* **The records**:
--

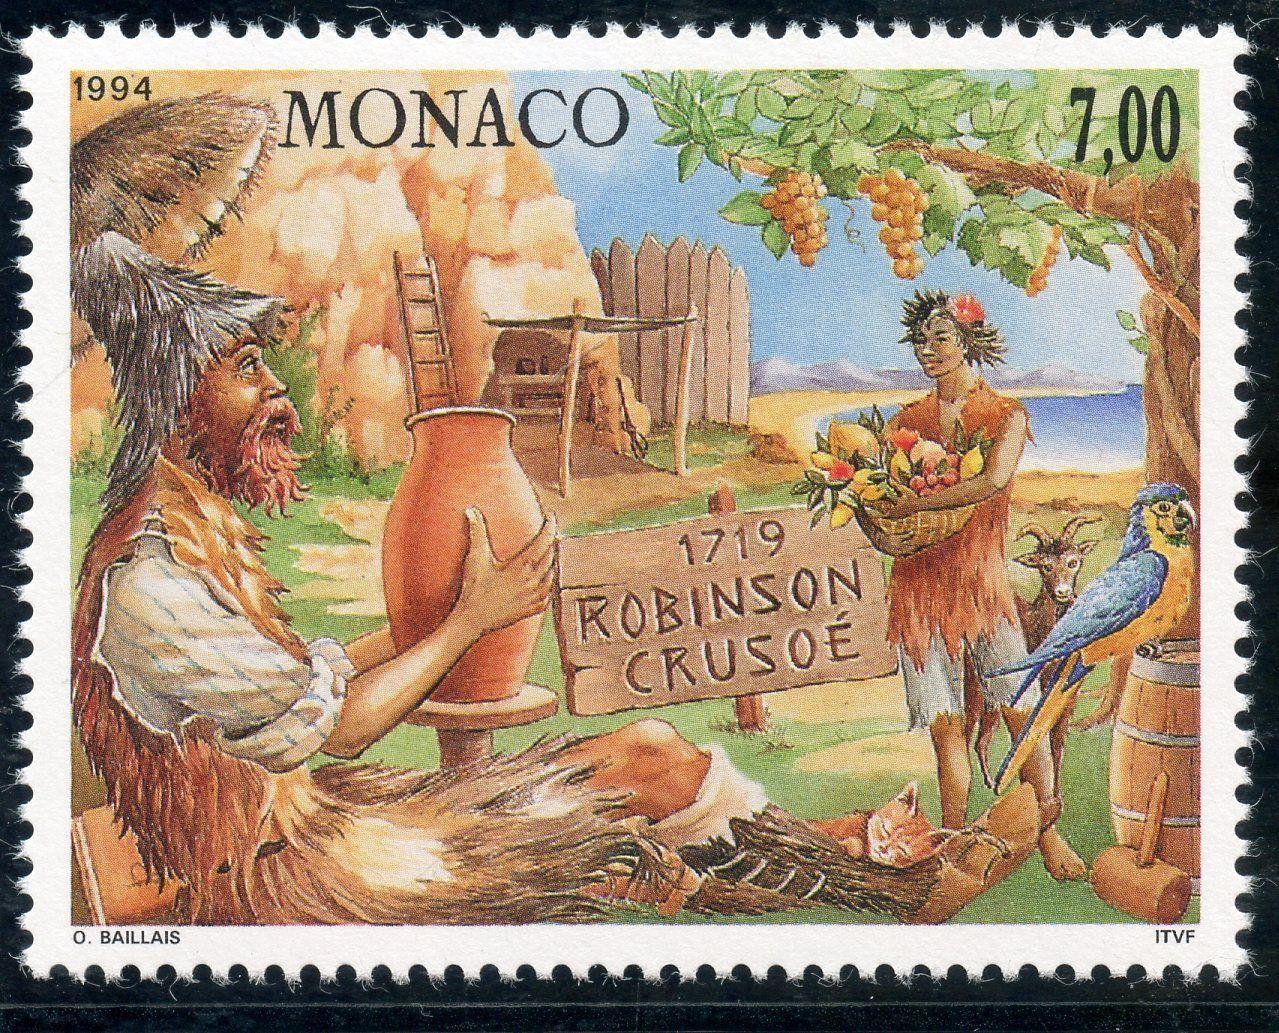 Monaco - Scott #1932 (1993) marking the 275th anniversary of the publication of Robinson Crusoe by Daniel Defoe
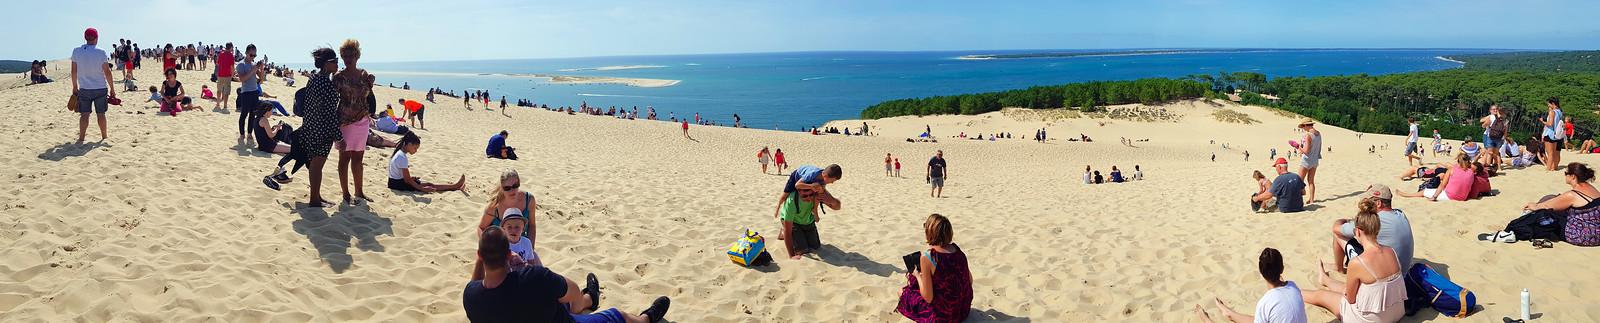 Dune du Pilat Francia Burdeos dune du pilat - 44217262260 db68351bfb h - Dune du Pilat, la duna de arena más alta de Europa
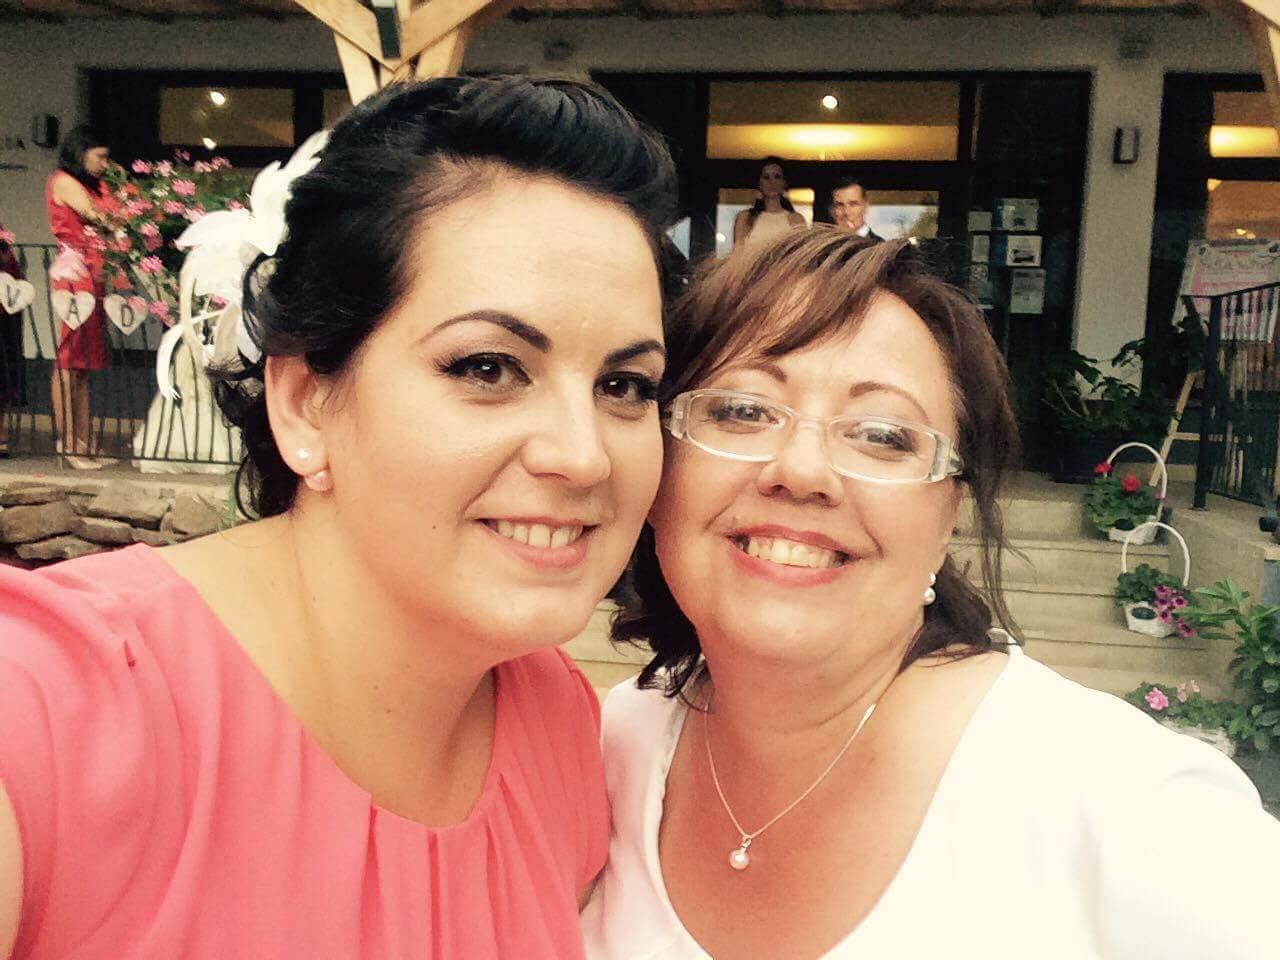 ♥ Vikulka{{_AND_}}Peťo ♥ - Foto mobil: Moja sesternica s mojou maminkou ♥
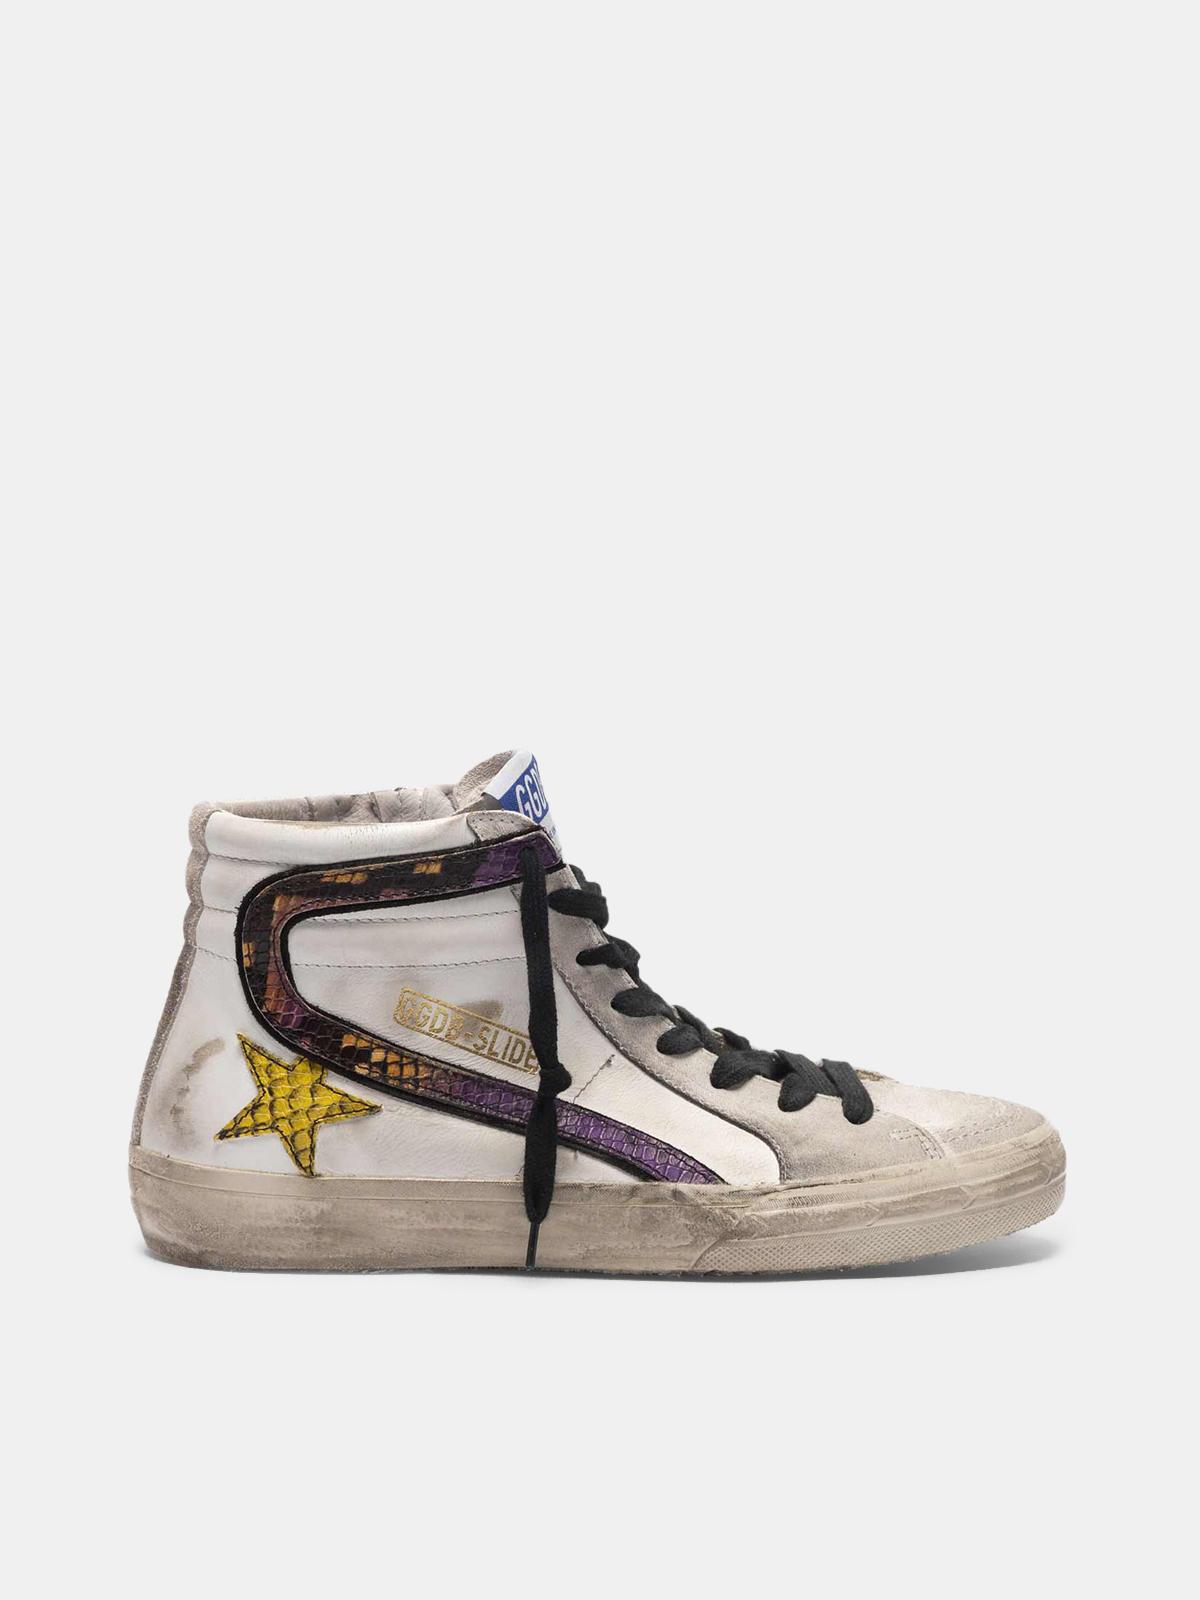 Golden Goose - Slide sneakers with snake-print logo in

--

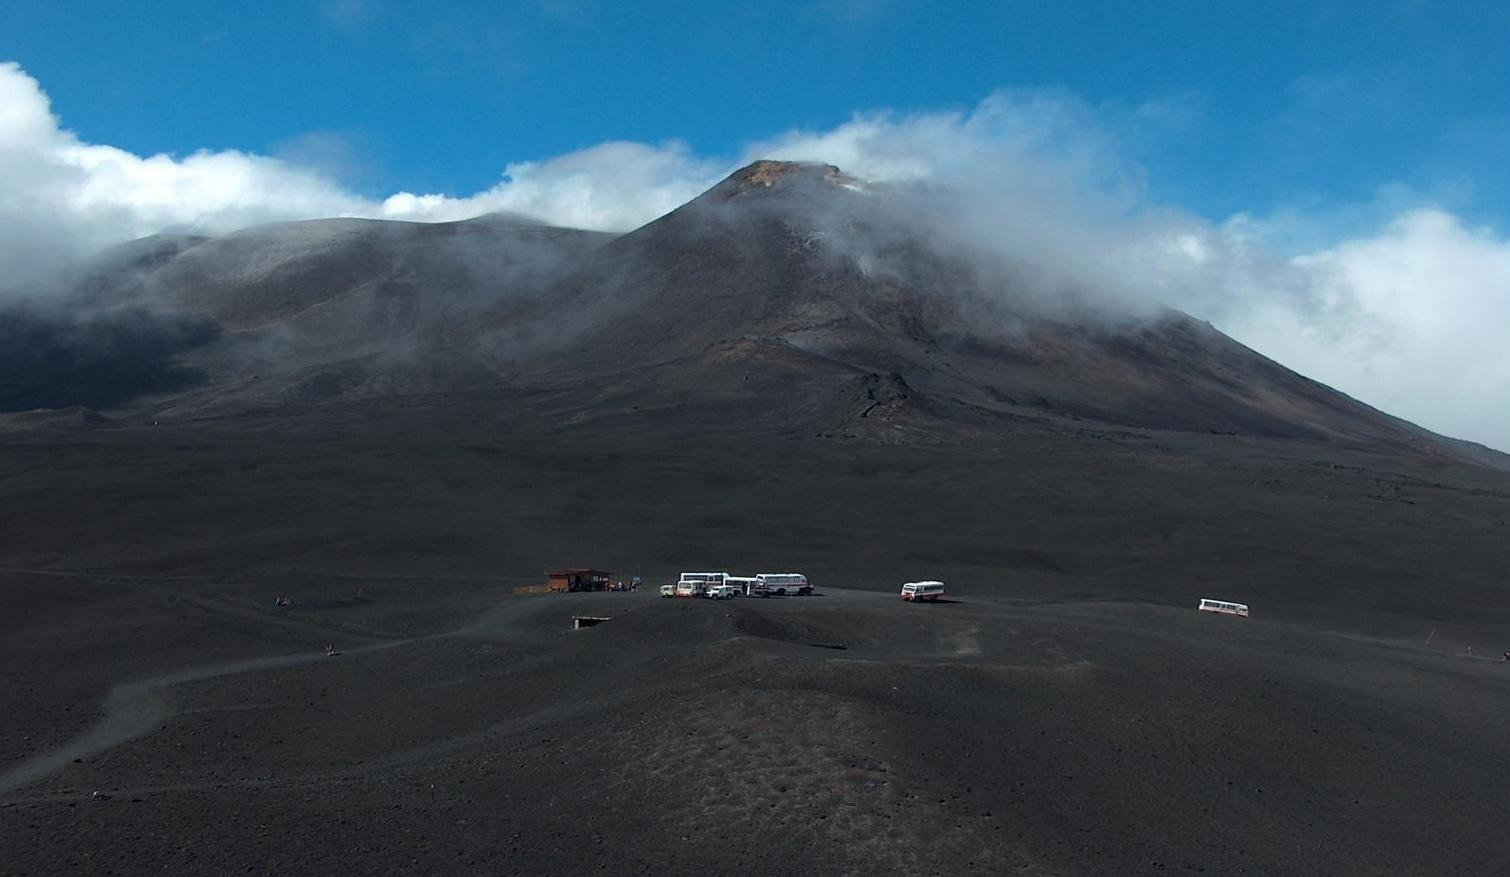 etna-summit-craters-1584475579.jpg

--

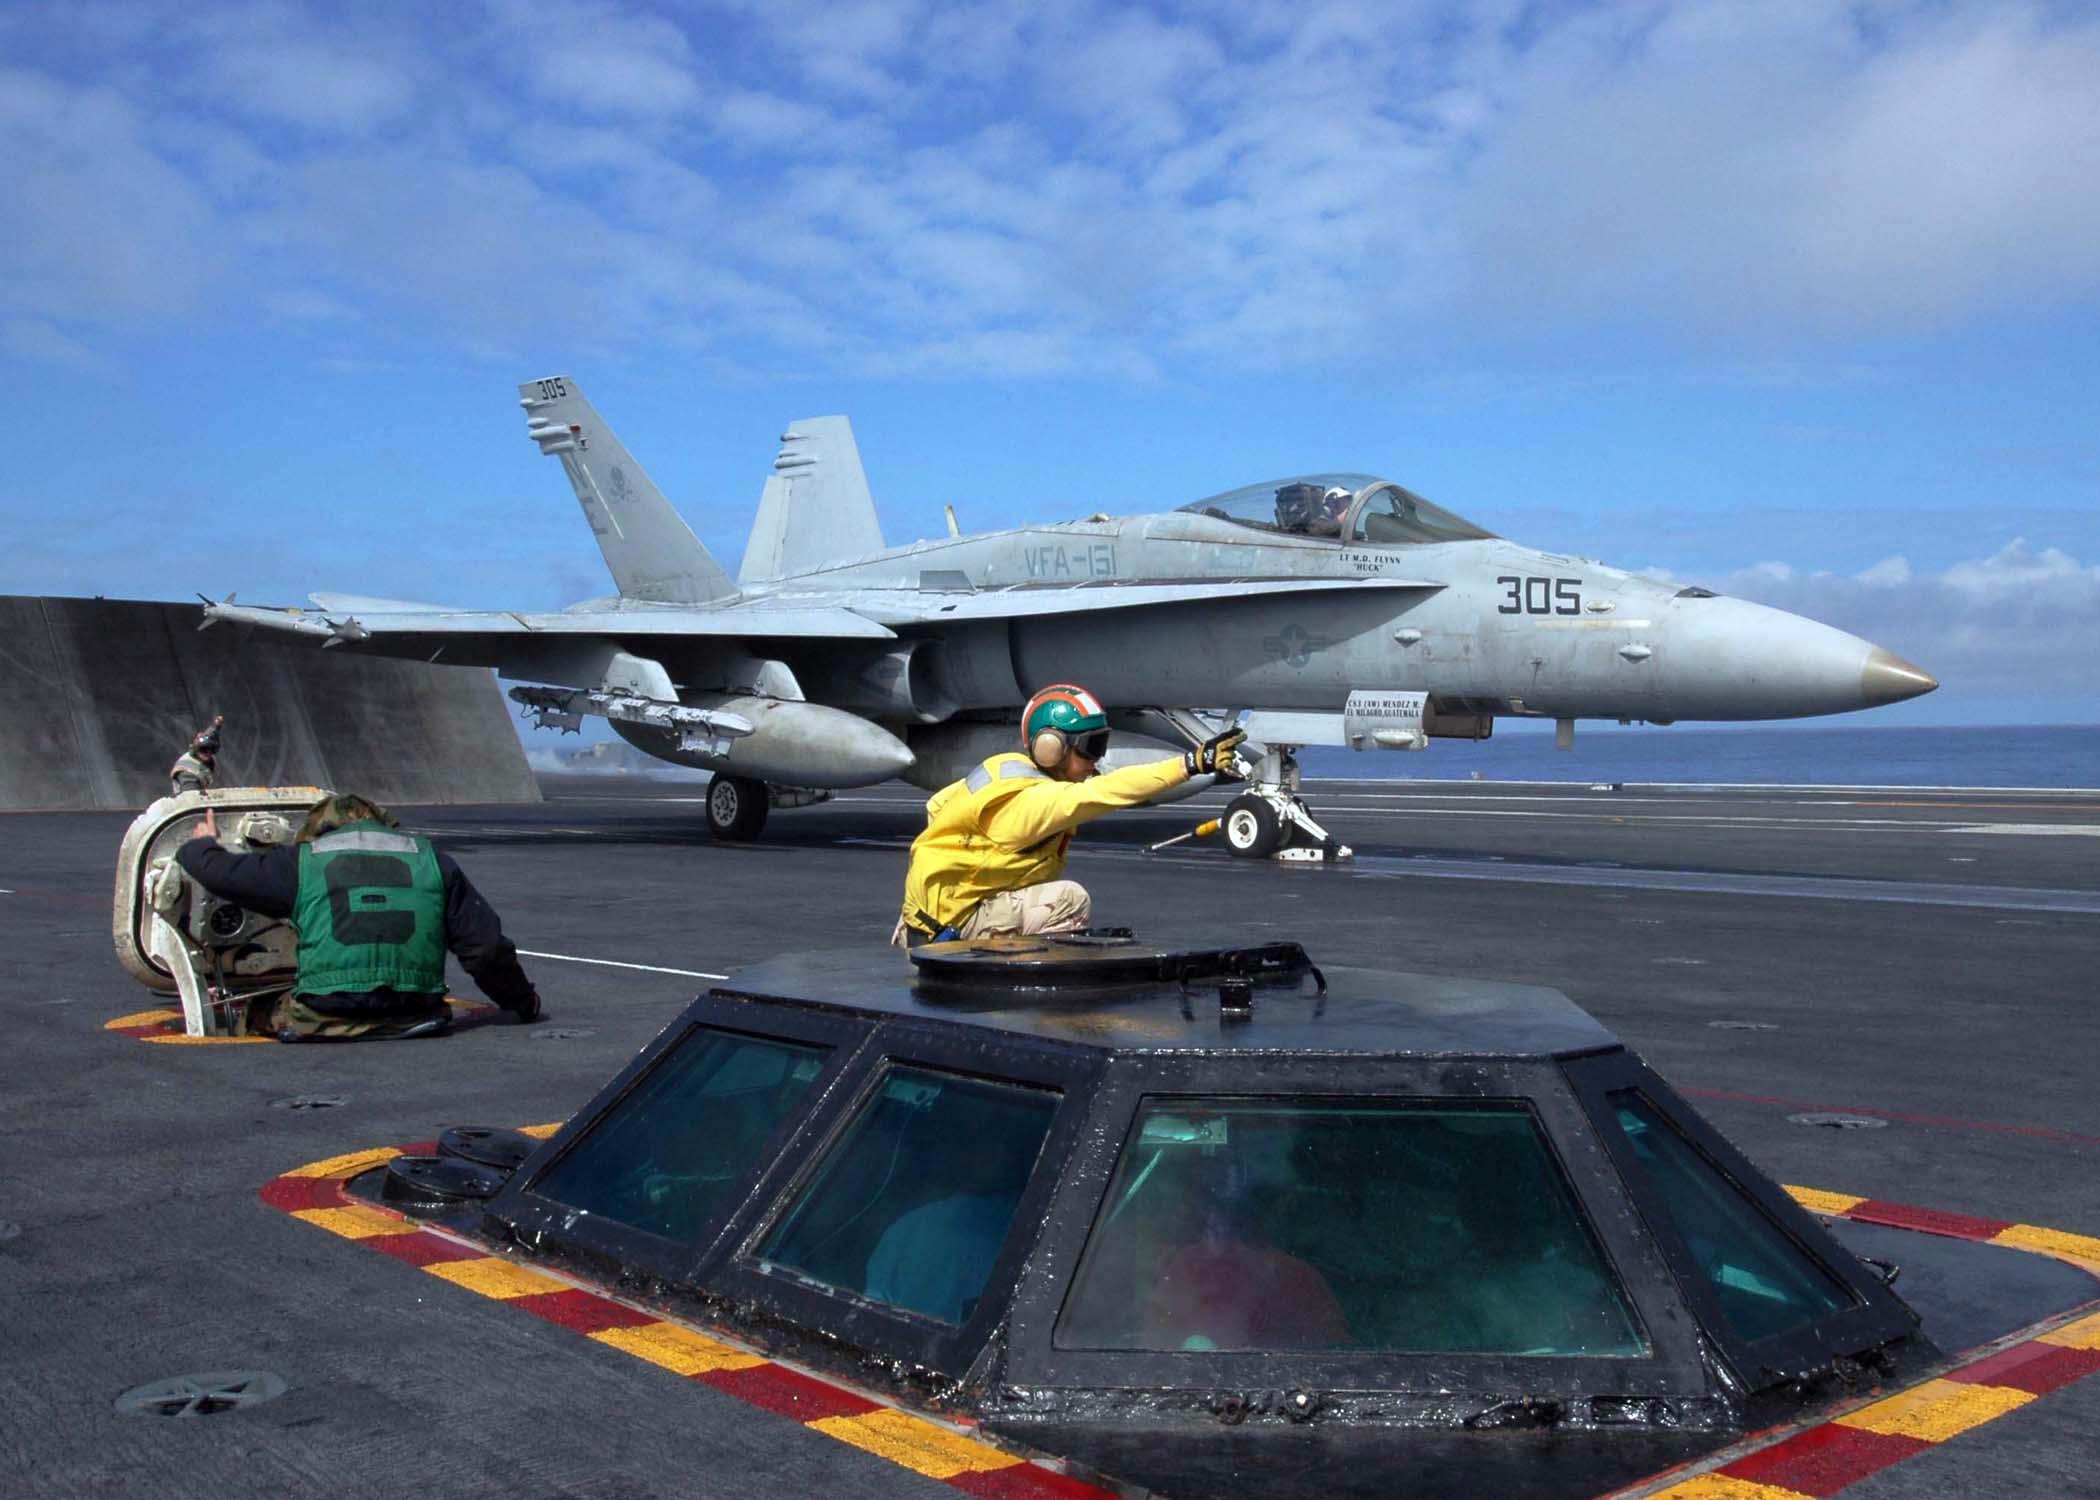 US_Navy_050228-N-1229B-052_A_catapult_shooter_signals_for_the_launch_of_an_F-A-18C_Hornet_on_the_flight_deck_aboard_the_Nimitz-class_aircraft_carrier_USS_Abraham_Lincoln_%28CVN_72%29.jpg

--

Among the records above, locate the line containing "Monaco - Scott" and the line containing "Golden Goose - Slide", then transcribe exactly the lines starting at the first and ending at the second, with no pictures.

 Monaco - Scott #1932 (1993) marking the 275th anniversary of the publication of Robinson Crusoe by Daniel Defoe
 Dune du Pilat Francia Burdeos dune du pilat - 44217262260 db68351bfb h - Dune du Pilat, la duna de arena más alta de Europa
 ♥ Vikulka{{_AND_}}Peťo ♥ - Foto mobil: Moja sesternica s mojou maminkou ♥
 Golden Goose - Slide sneakers with snake-print logo in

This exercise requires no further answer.